In Harry Gwala the evictions are remembered as a war. Now the settlement is recovering from a different kind of eviction, a different kind of war. It is to this that the discussion soon turns. The Freedom Charter adopted in Johannesburg in 1955 as the manifesto of the struggle against apartheid declared that “South Africa belongs to all who live in it.” But for two terrible weeks in May people unable to pass mob tests for indigeneity were intimidated, beaten, hacked, raped and burnt out of shack settlements and city centres across South Africa. The attacks began in the shack settlements around Johannesburg. In Harry Gwala the homes of two Shangaan families, one whom had come from Maputo in Mozambique and the other from Giyani in South Africa, were burnt and demolished. All that is left is squares of burnt earth. The local Landless People’s movement moved swiftly to condemn the attacks and to work with the local police, with whom they have often been in conflict, to stop them from spreading further. In the nearby Makause settlement, which is not organised into an oppositional movement autonomous from the state, things were far worse. Here the settlement is dotted with burnt out and demolished buildings. There is also a terribly empty 200 metre long strip where, in February last year, 2 500 shacks were unlawfully demolished at gunpoint by the state and the residents forcibly moved to a ‘transit camp’ 40 kilometres out of town.

In the second week the pogrom spread to the city centre and there were clashes at the Central Methodist Church, a well known haven for undocumented Zimbabweans, where residents successfully barricaded themselves in with piles of bricks for defence. In January there had been a much more damaging attack on the church. On that occasion the attack came from the police. They stormed in with dogs, pepper spray and batons and arrested 500 people. The church told the media that people were assaulted and robbed in the attack and that even those with documents were arrested.

In the second week the pogroms also spread to Durban, Cape Town and the small towns in the hinterland. In Durban the first attack was on a down town Nigerian bar and was followed by attacks on Rwandese and Congolese people living in city flats and then attacks on Mozambicans, Zimbabweans and Malawians living in shack settlements. In Cape Town it began with the Somali shopkeepers, who have been murdered at an incredible rate for years. The state has dismissed the clearly targeted nature of the ongoing killing of Somalis as ‘just ordinary crime’.

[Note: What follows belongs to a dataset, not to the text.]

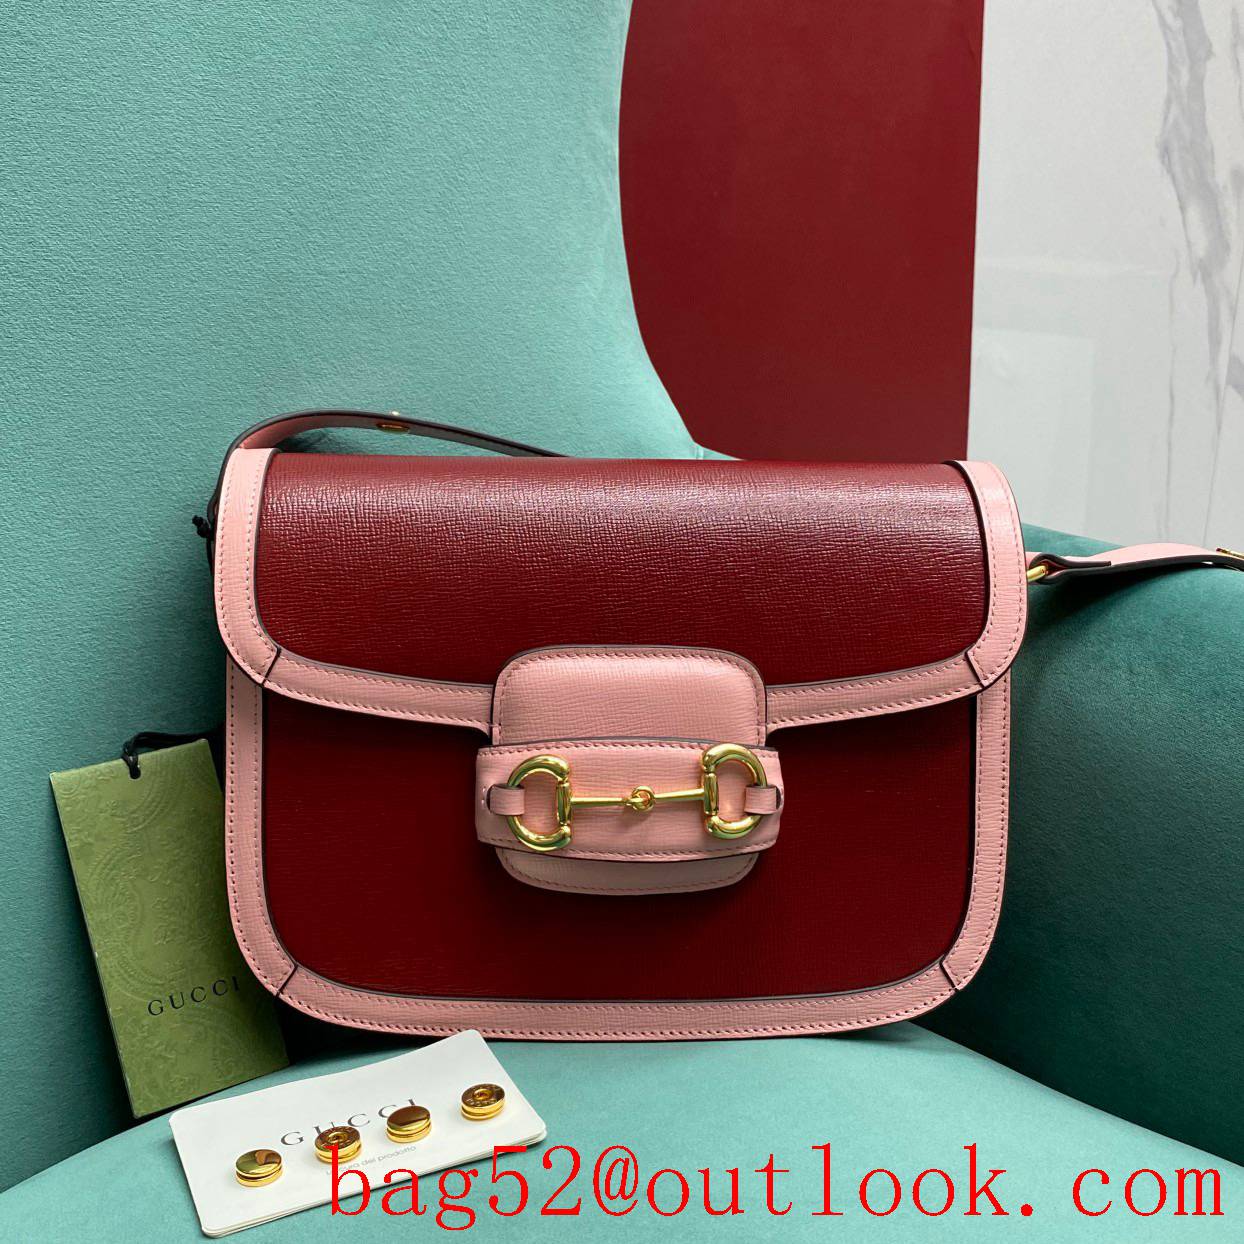 Gucci 1955 Full Leather Saddle rose red shoulder handbag

Some of the mobs were singing Jacob Zuma’s campaign song, Bring My Machine Gun. Some came out of shack settlements and migrant worker hostels linked to Inkatha. Some were just drunk young men. The most widely reported tests used to determine indigenity, such as seeing if people know the formal and slightly archaic Zulu word for elbow, were taken straight from the tactics that the police have used for years. The mob definition of foreigner always centred on foreign born Africans but in some instances Pakistanis and South Africans of minority ethnicities, especially Shangaan, Venda and Tsonga people, were also targeted. There are a number of credible allegations of police complicity in the pogroms but in some places community organisations were able to work with local police stations to bring the violence under control. There are many accounts of individual acts of brave opposition to the attacks by both South Africans and migrants. In the Protea South shack settlement in Johannesburg migrants were able to successfully organise themselves into self-defence units and to protect themselves with round the clock patrols. It is striking that in many, although not all, of the areas under the control of militant organisations of the poor that have been in serious conflict with the state there were no attacks at all.

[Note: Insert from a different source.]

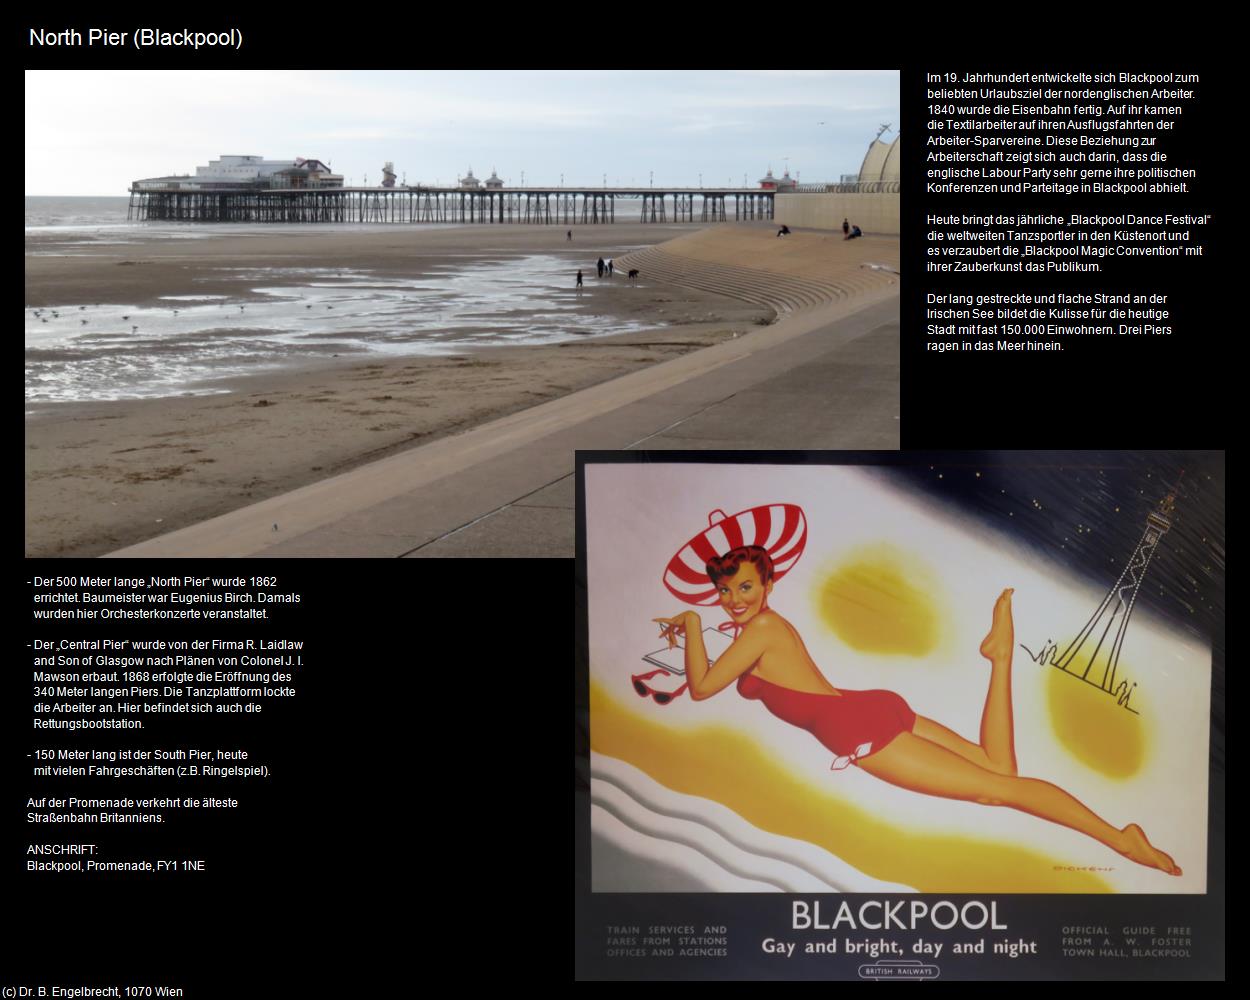 North Pier  (Blackpool, England ) in Kulturatlas-ENGLAND und WALES

After two weeks 62 people were dead, a third of them South African citizens, and figures for the number of people displaced ranged from 80 000 to 100 000. Some had fled the country and others were sheltering in churches, at police stations and in refugee camps. Conditions in the camps are often grim. Human rights organisations have issued strenuous condemnations and there have already been threats of collective suicide, clashes with the police and demands for the United Nations to take over management of the camps from the South African state.

Thabo Mbeki’s Presidency was, in the spirit of Pan-Africanism, animated by a vision of an African Renaissance that would finally redeem the world historical promise of the Haitian Revolution. On the first day of 2004 he resisted considerable international pressure and stood with Jean Bertrand-Aristide in Port-au-Prince to celebrate the two hundredth anniversary of that Revolution. Six months later Mbeki welcomed Aristide to Pretoria with an uncharacteristically warm hug on a red carpet. This followed Aristide’s kidnapping and removal to the Central African Republic by the American military on the last day of February. Aristide still lives in Pretoria.

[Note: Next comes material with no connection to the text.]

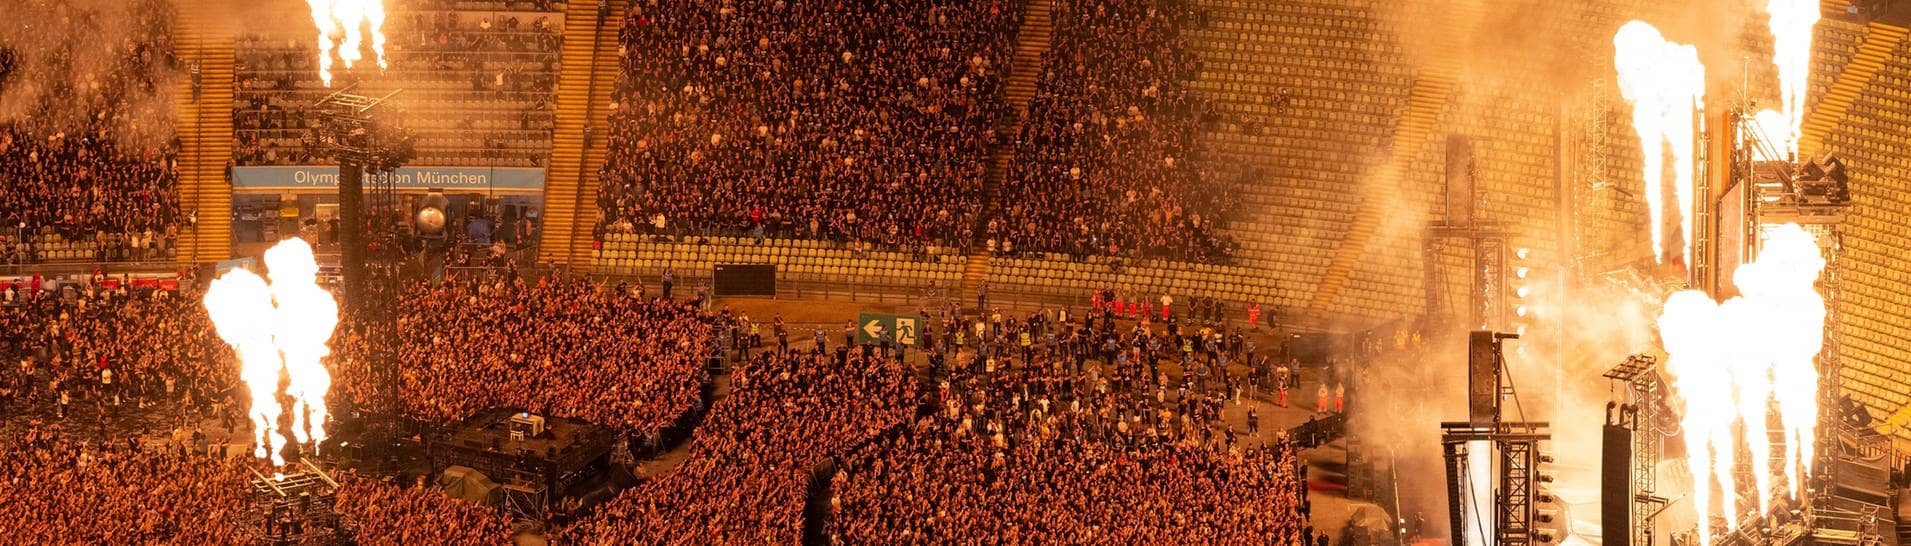 Zuschauer im ausverkauften Olympiastadion in München verfolgen das Rammstein-Konzert. Feuerwerke gehen an der Bühne und in der Mitte in die Luft.  (Foto: dpa Bildfunk, picture alliance/dpa | Sven Hoppe)

Some saw these acts of solidarity as a concrete step towards Pan-African solidarity. Mbeki’s detractors on the left pointed to the voluntary adoption of a structural adjustment programme in 1996, or the decisive moves to bring popular politics under party control from 1990, to argue that he was merely Africanising domination. But others argued that he, in the spirit of realpolitik and mindful of the fate of Toussaint l’Ouverture, Bertrand Aristide and their revolutions, had made a tactical decision to use the wealth of South Africa to make his global battle against anti-African racism a bourgeois initiative secured by the technocratic management of the poor.

Most of the slaves that made the Haitian Revolution were born in what is now the Democratic Republic of Congo. Their revolution offered citizenship, black citizenship, to everyone who fought in it, including Polish and German mercenaries who deserted their posts to join it. Citizenship became a political question rather than a matter of indigeneity or ethnicity. But for those two weeks in May it wasn’t safe to be Congolese in many of the poor neighbourhoods in South African cities. There are still places where Aristide, whose excellent but French accented Zulu could easily mark him as Congolese or Rwandese, would be unwise to tread without security.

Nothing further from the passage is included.